• _Requirement_: Print exactly the lines of the listing below from the one containing "Encadrer une unité d'intervention sociale" through the final line, both included, and no pictures.

• _Recorded data_:

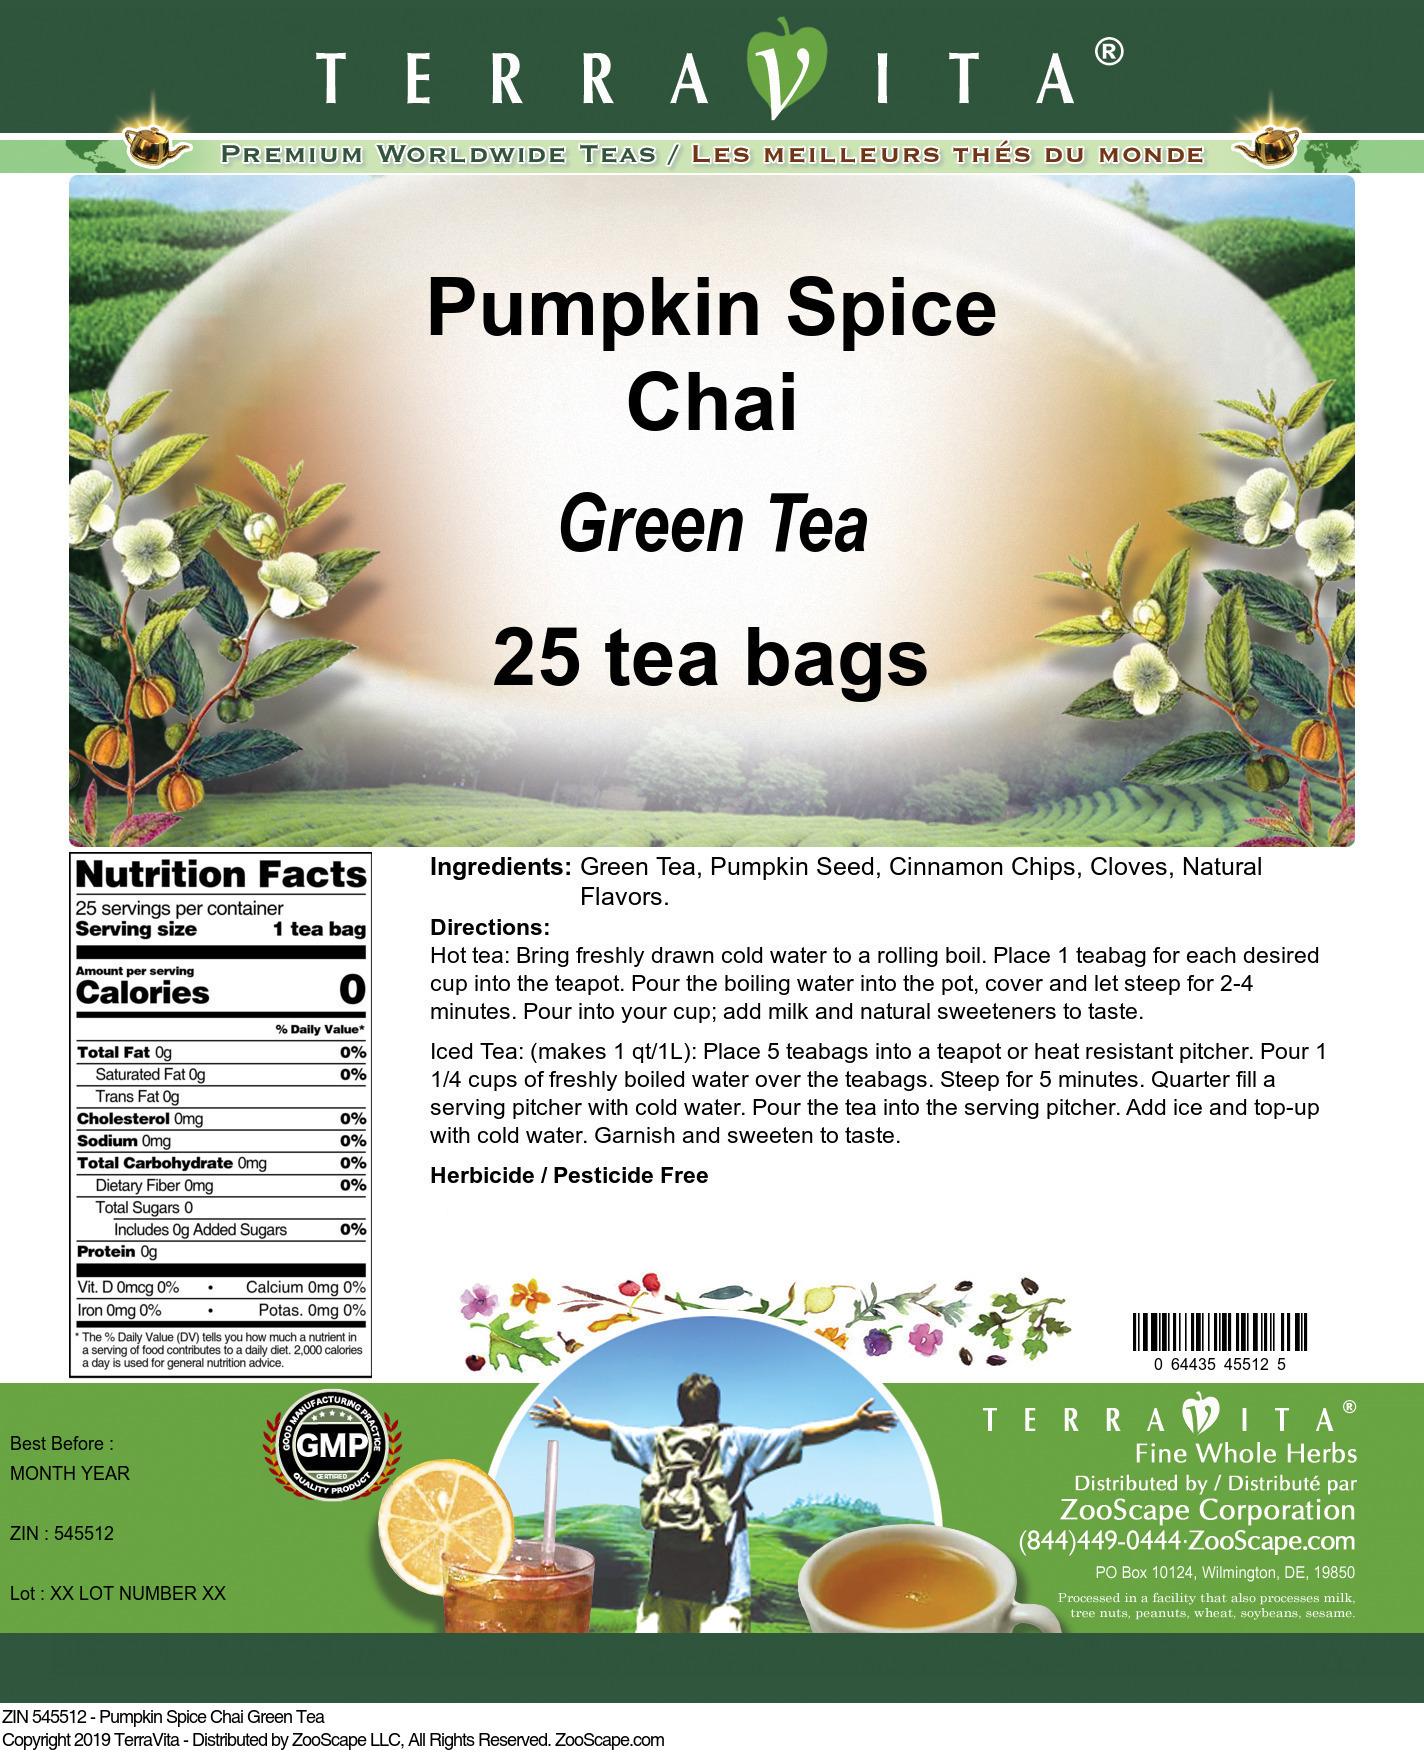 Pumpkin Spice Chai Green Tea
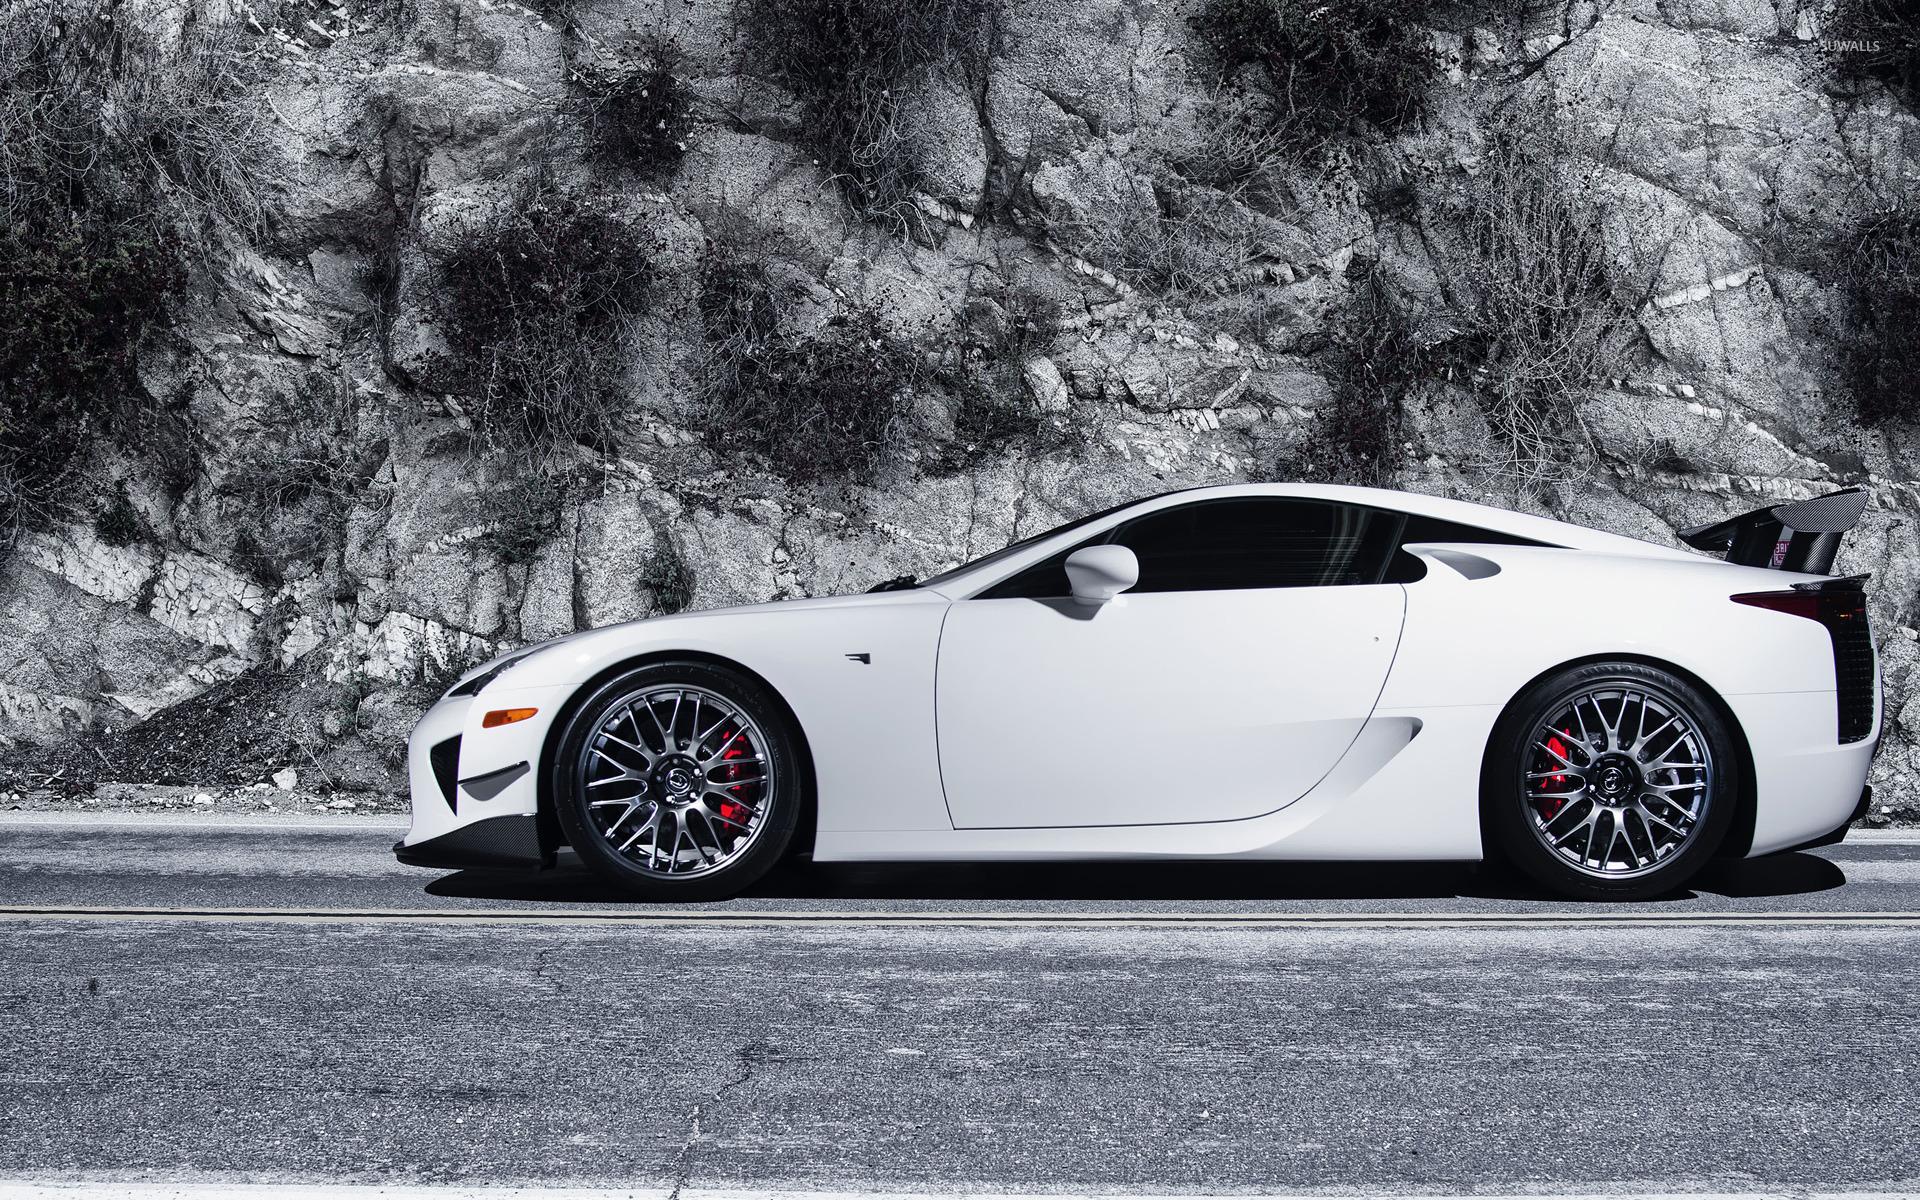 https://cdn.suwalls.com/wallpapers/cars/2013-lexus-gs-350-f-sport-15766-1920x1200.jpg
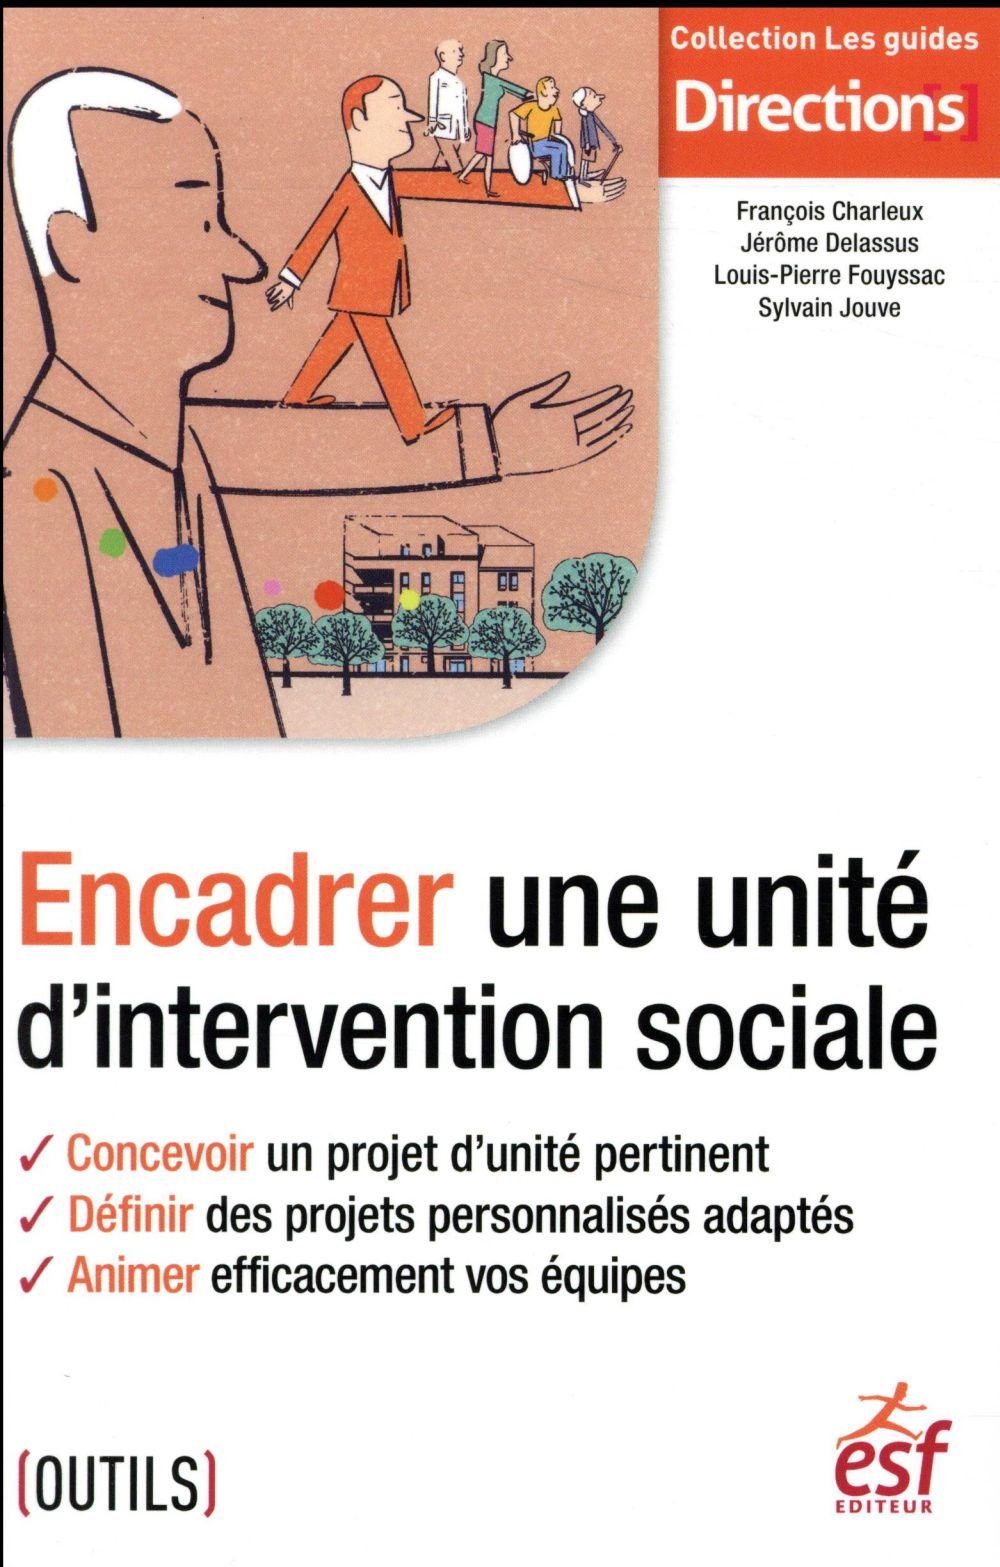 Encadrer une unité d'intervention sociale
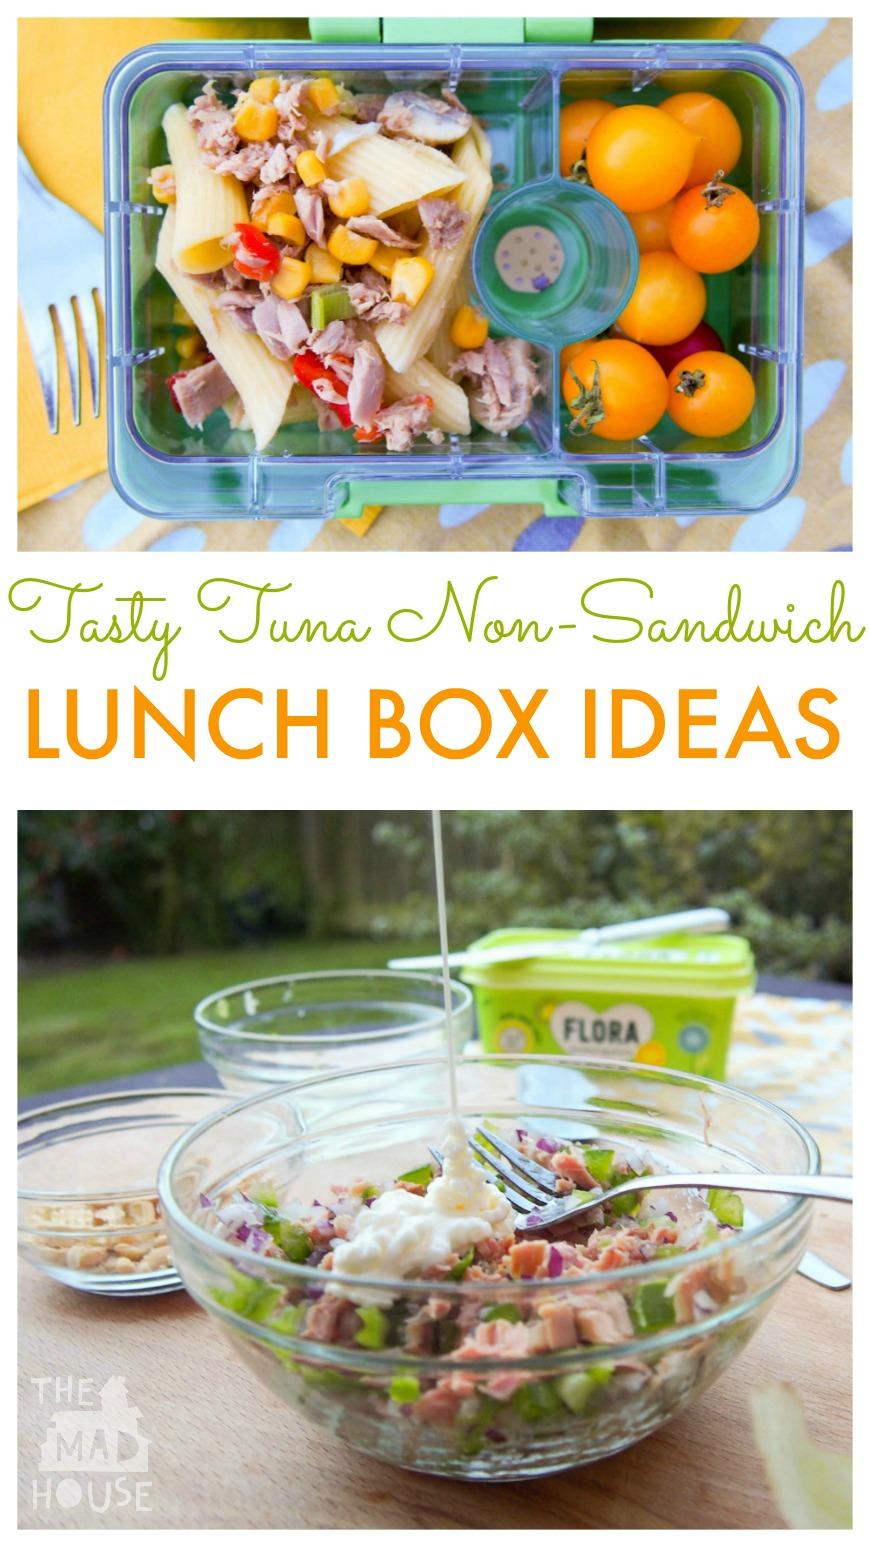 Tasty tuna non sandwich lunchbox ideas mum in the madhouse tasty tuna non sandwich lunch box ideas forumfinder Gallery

• _Exercise output_:
 Encadrer une unité d'intervention sociale
 Tasty tuna non sandwich lunchbox ideas mum in the madhouse tasty tuna non sandwich lunch box ideas forumfinder Gallery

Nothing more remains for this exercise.